Regression analysis between fatigue and life events is showed in Table 12. Goodness of fit R2 was high (0.42), which showed a linear relationship between fatigue and life events. Fitting equation can be concluded as:

Table 12. Regression analysis between fatigue and life events
$$ \text{Y} = 1.020\text{X} + 9.794 $$
(1)

Regression analysis between high fatigue and life events is as shown in Table 13. R2 was 0.54, which indicated a close relationship between life events and high fatigue in high-fatigued controllers. Controllers with high life events scores usually suffered from a high level of fatigue.

Table 13. Regression analysis between high fatigue and life events

3.6 Analysis of Controllers Personality and Fatigue

In this section, controllers with high fatigue scores and low fatigue scores were selected for data analysis (results are as shown in Table 14). Personality scores of controllers with mild fatigue were higher than those controllers with high level of fatigue, especially in terms of extraversion, agreeableness and openness. This indicated controllers who tend to be extroverted, be good at interacting with people and learning new things may suffered less from fatigue.

Table 14. Personality scores for controllers of different fatigue levels

In order to verify the relationship between personality and fatigue, a T test was applied in data analysis. The results showed extraversion scores of mild fatigue controllers had a significant difference with high fatigue controllers. The F value (4.114) for extraversion scores was calculated in a 95 % confidence level (as shown in Table 15). The variance of extraversion scores between mild fatigue and high fatigue existed significant differences. The results of T tests shown that the probability of the t-value was 0.013. The hypothesis was rejected indicating that there was a significant difference between light fatigue and high fatigue.

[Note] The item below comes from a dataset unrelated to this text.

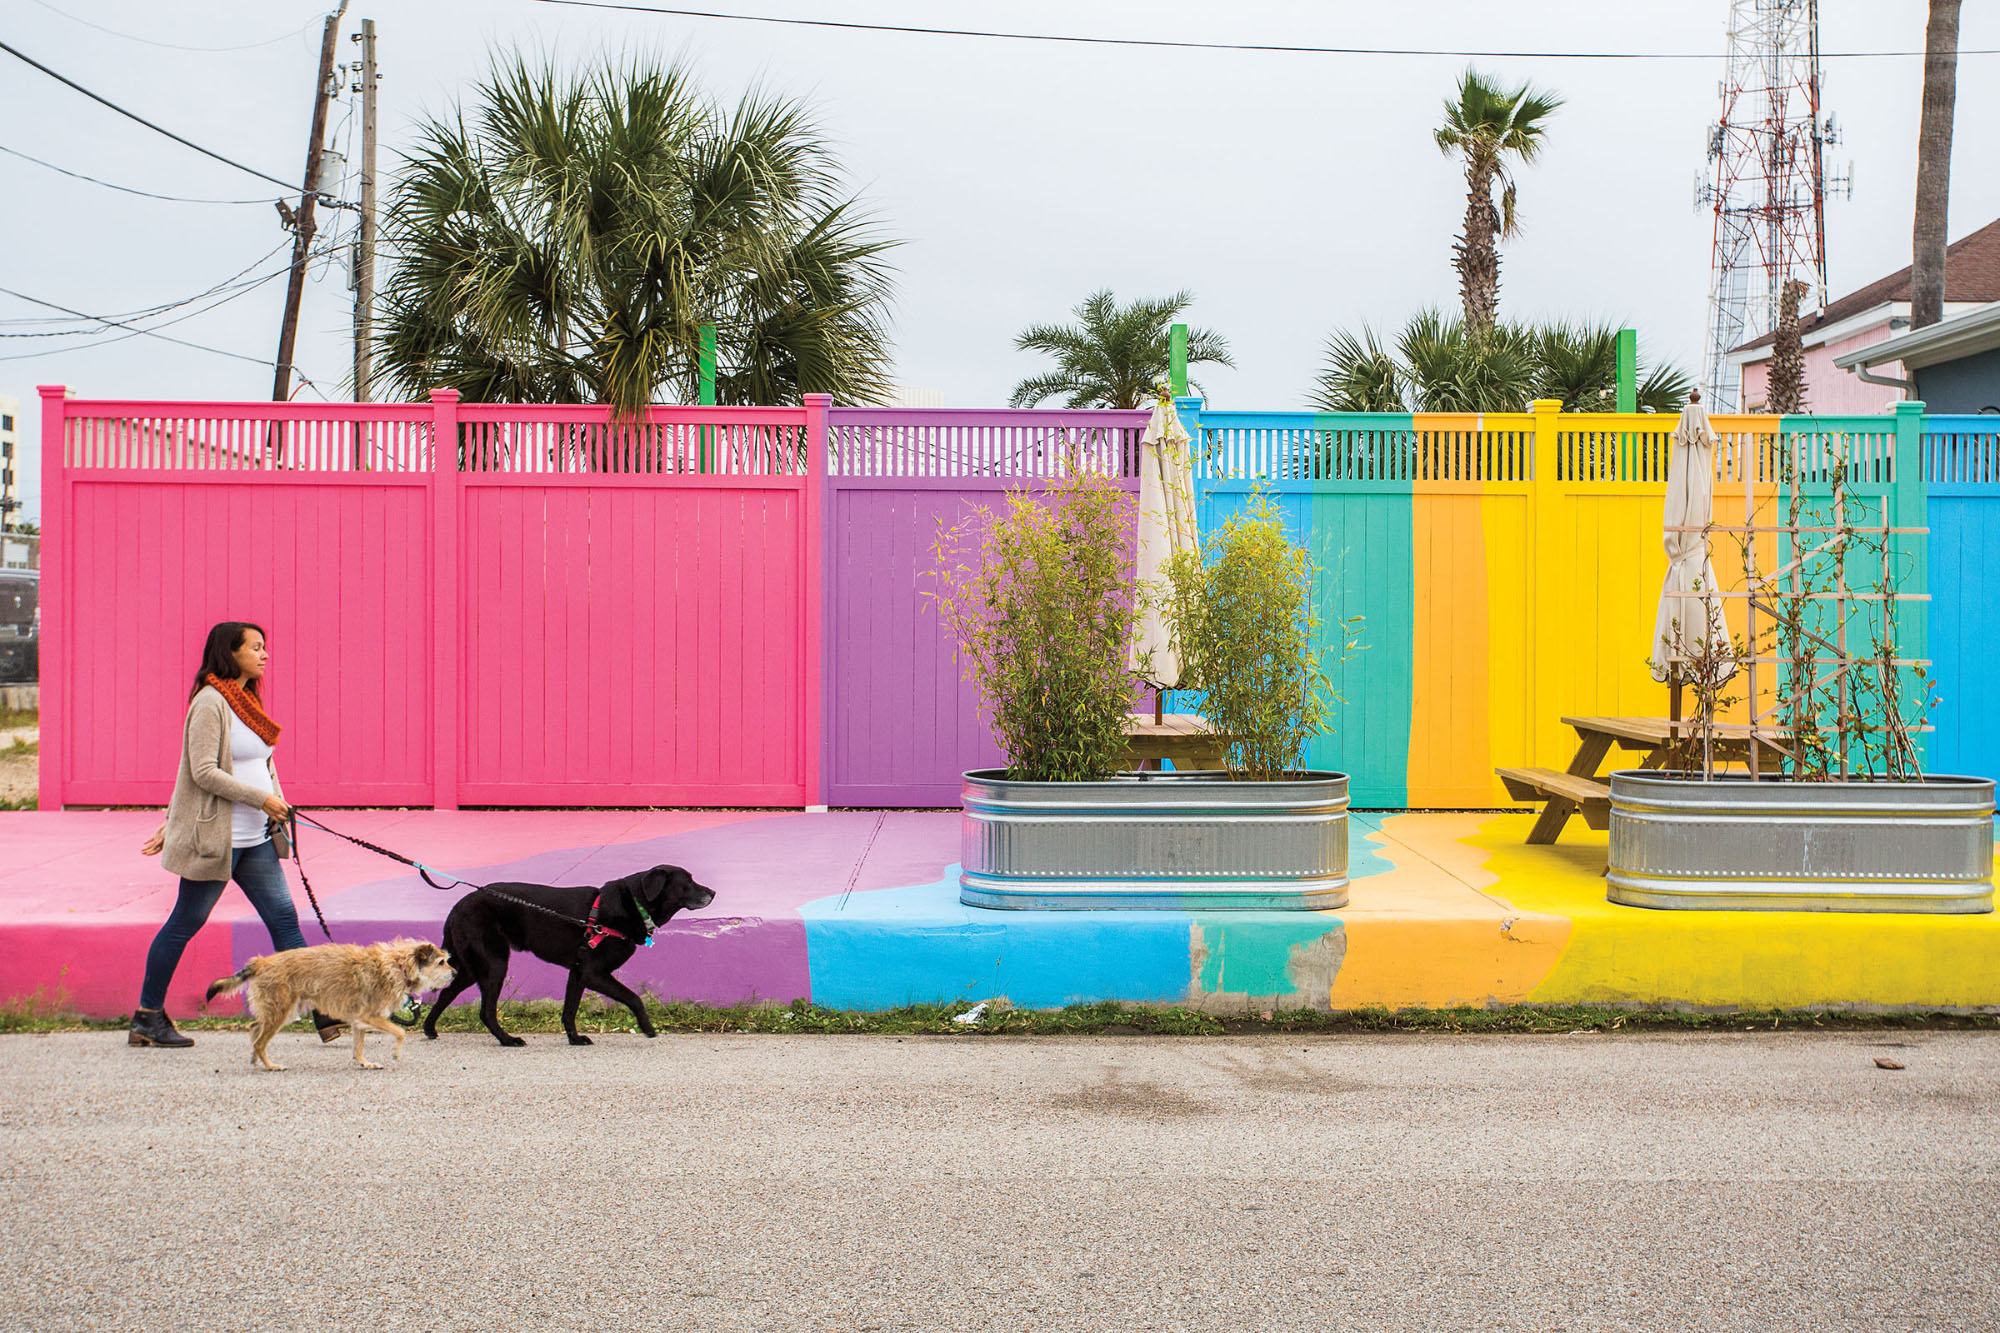 A woman walks a large black dog in front of brightly-colored walls and palm trees under a gray sky in Galveston

Table 15. T test about extraversion scores between mild fatigue and high fatigue controllers

The same method was applied for agreeableness, conscientiousness, neuroticism and openness scores. Results showed that agreeableness and openness between mild fatigue controllers and high fatigue controllers exist significant differences. However, there are no significant differences in conscientiousness and neuroticism.

4 Conclusion

The researchers of this study utilized a survey to understand air traffic controllers’ fatigue in China. Six components were included in the survey, they are: personal information, subjective assessment of fatigue, workload-related factors investigation, sleep quality, life event impacts, and personality. The survey was carried out in an air traffic control facility in China. The researchers also analyzed the reliability and validity of the survey. The researchers found that sleep quality, working factors and daily life factors were contributed for fatigue of air traffic controllers surveyed.

On-site survey seems obtain a cheerful ending. However, our work mainly analyzed the feelings of fatigue with other factors. Hopefully further in-depth analysis and more surveys in China are expected to make this study perfect.